Corte IDH, Caso Valencia Campos e outros vs. Bolívia. Exceção preliminar, mérito, reparações e custas. Voto conjunto dos juízes Nancy Hernández Lopez e Rodrigo Mudrovitsch, § 58 e seguintes: Outra questão que deve ser avaliada é a possibilidade de exceção à proibição de ingresso domiciliar quando há “consentimento do residente”, presente em algumas legislações nacionais. Esta hipótese merece mais atenção, porque é evidente que desconhece a relação desigual que se estabelece entre o cidadão e o agente público, especialmente nesta situação em que o agente pretende tomar uma medida para restringir a garantia da inviolabilidade do domicílio.
De fato, a desconfiança no consentimento do residente é mencionada pela Corte Suprema dos Estados Unidos no Caso Amos vs. EUA (1921), na qual se considerou que o consentimento para entrar na residência sem uma ordem judicial não é uma renúncia ao direito constitucional contra o ingresso e a apreensão arbitrários.

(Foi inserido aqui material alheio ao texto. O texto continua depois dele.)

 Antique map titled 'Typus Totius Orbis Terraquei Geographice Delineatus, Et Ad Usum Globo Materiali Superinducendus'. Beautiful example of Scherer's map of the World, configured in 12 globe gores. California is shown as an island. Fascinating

Neste sentido, o consentimento não deve ser considerado de forma arbitrária para permitir o ingresso domiciliar quando não existe uma suspeita razoável de que a situação é flagrante, pelo mero fato de que o cidadão, dentro da relação de desigualdade que se estabelece com o agente público com autoridade e poder, tenha permitido os agentes entrar no domicílio. Vale a pena reforçar que o ingresso sem ordem judicial somente é possível quando existe uma constatação prévia e fundada de flagrância, com elementos objetivos e concretos que, dentro de uma análise de proporcionalidade, permitem a ação.

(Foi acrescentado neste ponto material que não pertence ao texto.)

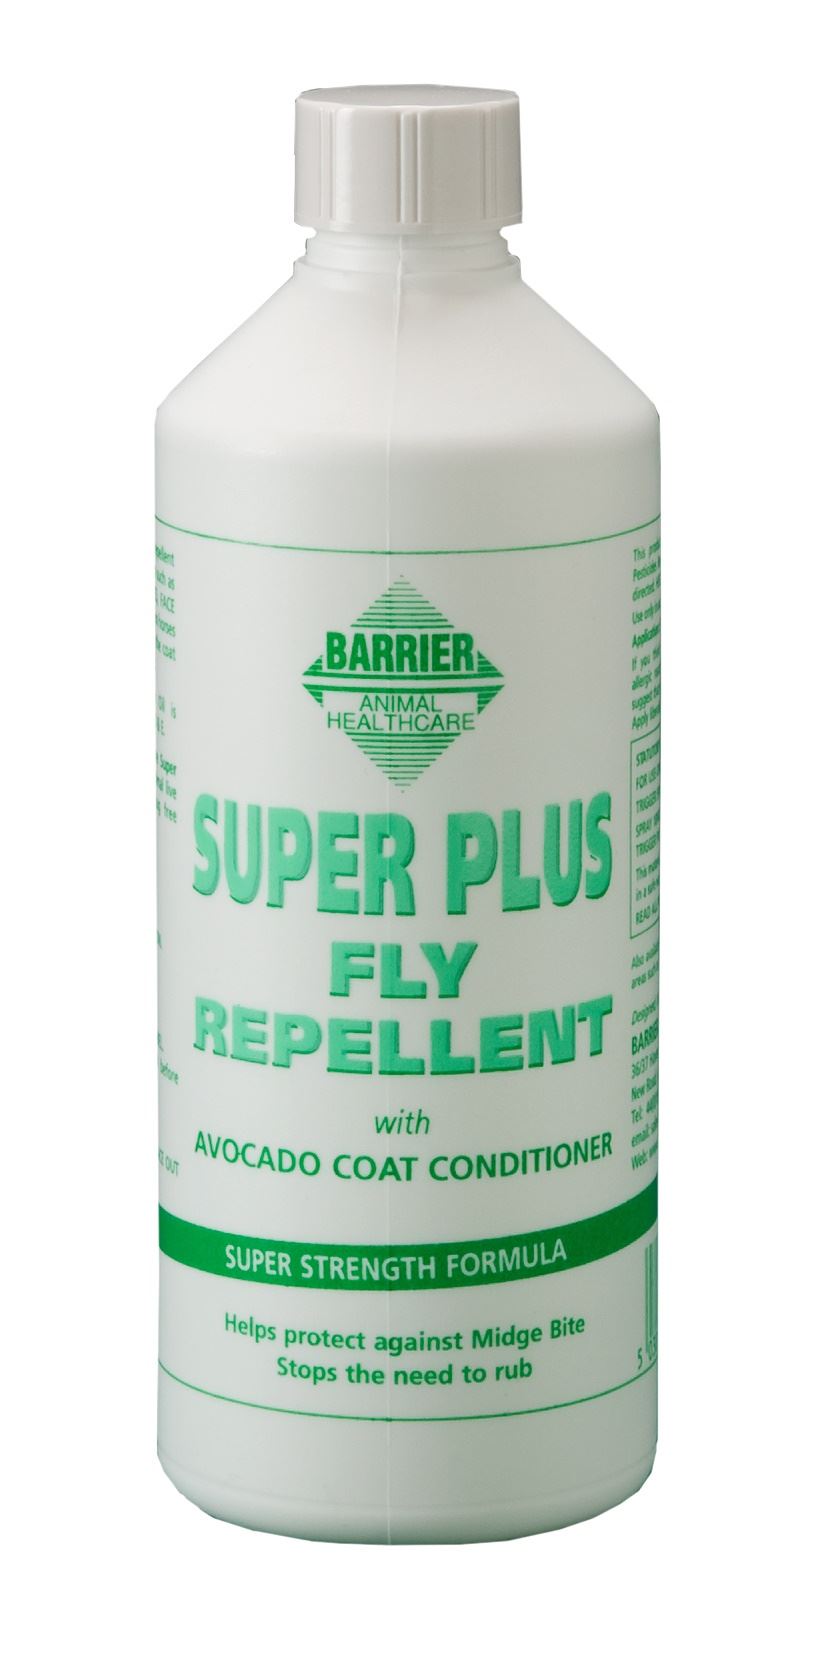 Barrier Super Plus Fly Repellent - Just Horse Riders

Não é possível excluir este requisito alegando que existiu o consentimento dos residentes. O fato é que esse consentimento, para ser juridicamente válido, deve ser voluntário e livre de coações. É evidente, portanto, que não se permite nenhuma coação por parte da autoridade policial para que o residente permita a entrada em seu domicílio. Ainda que não se negue a possibilidade de prever expressamente esta exceção, inclusive com as salvaguardas apresentadas, o consentimento, assim como a flagrância, também requer uma cuidadosa análise judicial posterior. Neste caso, o juiz deve comprovar primeiro com quais elementos contavam os agentes de segurança pública para poder adotar esta medida e, depois, que provas há de que o residente consentiu livre e espontaneamente a entrada. Em caso de dúvida, p. ex., se as versões dos agentes e dos residentes são diferentes, deve prevalecer a versão da pessoa cujo direito foi violado: o cidadão.

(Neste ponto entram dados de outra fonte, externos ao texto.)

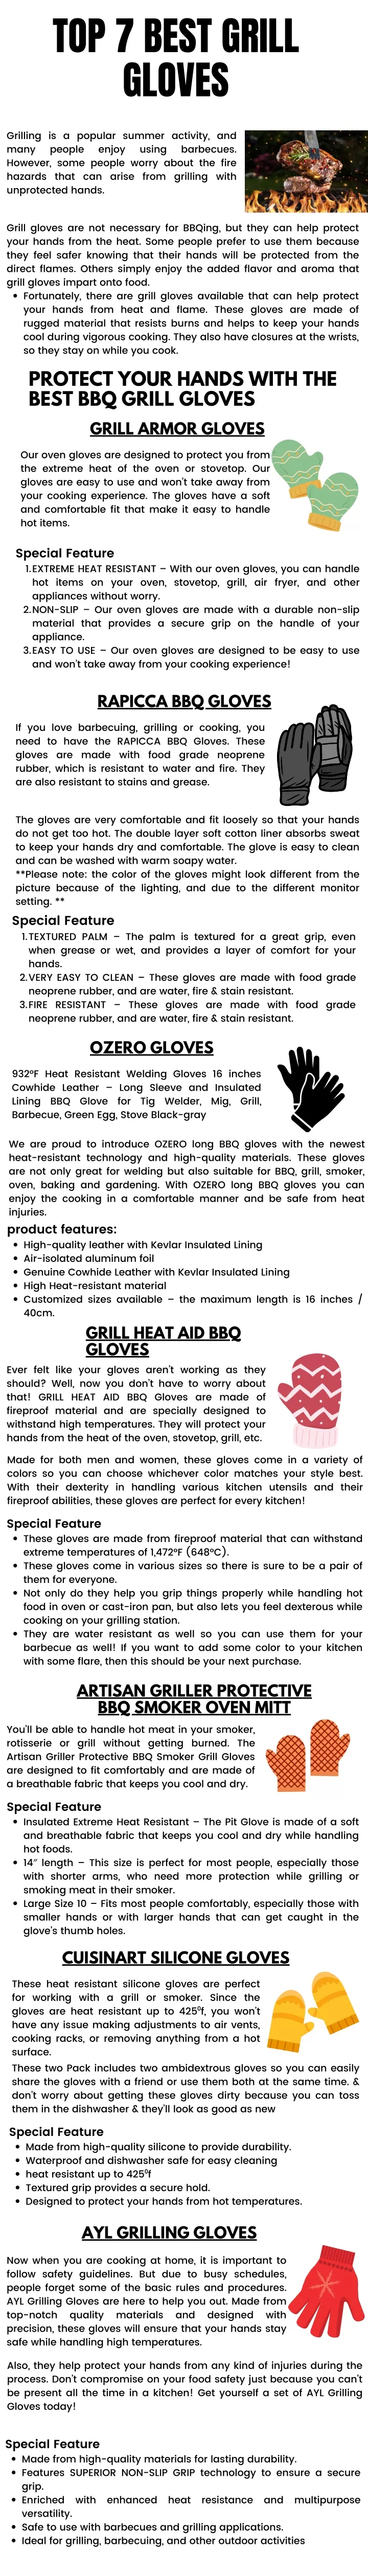 top 7 best grill gloves

Isso se deve a que o Estado tem a carga de provar que o consentimento foi realmente livre e voluntário. Para garantir a inviolabilidade da medida, o Código de Procedimento Penal francês, p. ex., exige que o consentimento seja expresso, mediante uma declaração manuscrita do interessado. Não obstante, ainda que exista uma declaração expressa de consentimento, é necessário que o Estado prove que este se deu livremente, sem que haja indícios de que se obteve de forma coercitiva. Este requisito é fundamental para evitar arbitrariedades e abusos de autoridade no momento de realizar um ingresso domiciliar.
Ademais, é fundamental analisar as particularidades subjetivas do indivíduo que expressa seu consentimento, como a idade, o nível de educação, a capacidade intelectual, entre outras hipóteses que poderiam eventualmente interferir em sua livre aquiescência. Por último, o livre consentimento não pode estar condicionado a alguma circunstância, periférica, como ocorre quando a autoridade oferece “promessas” para que o particular autorize o ingresso domiciliar.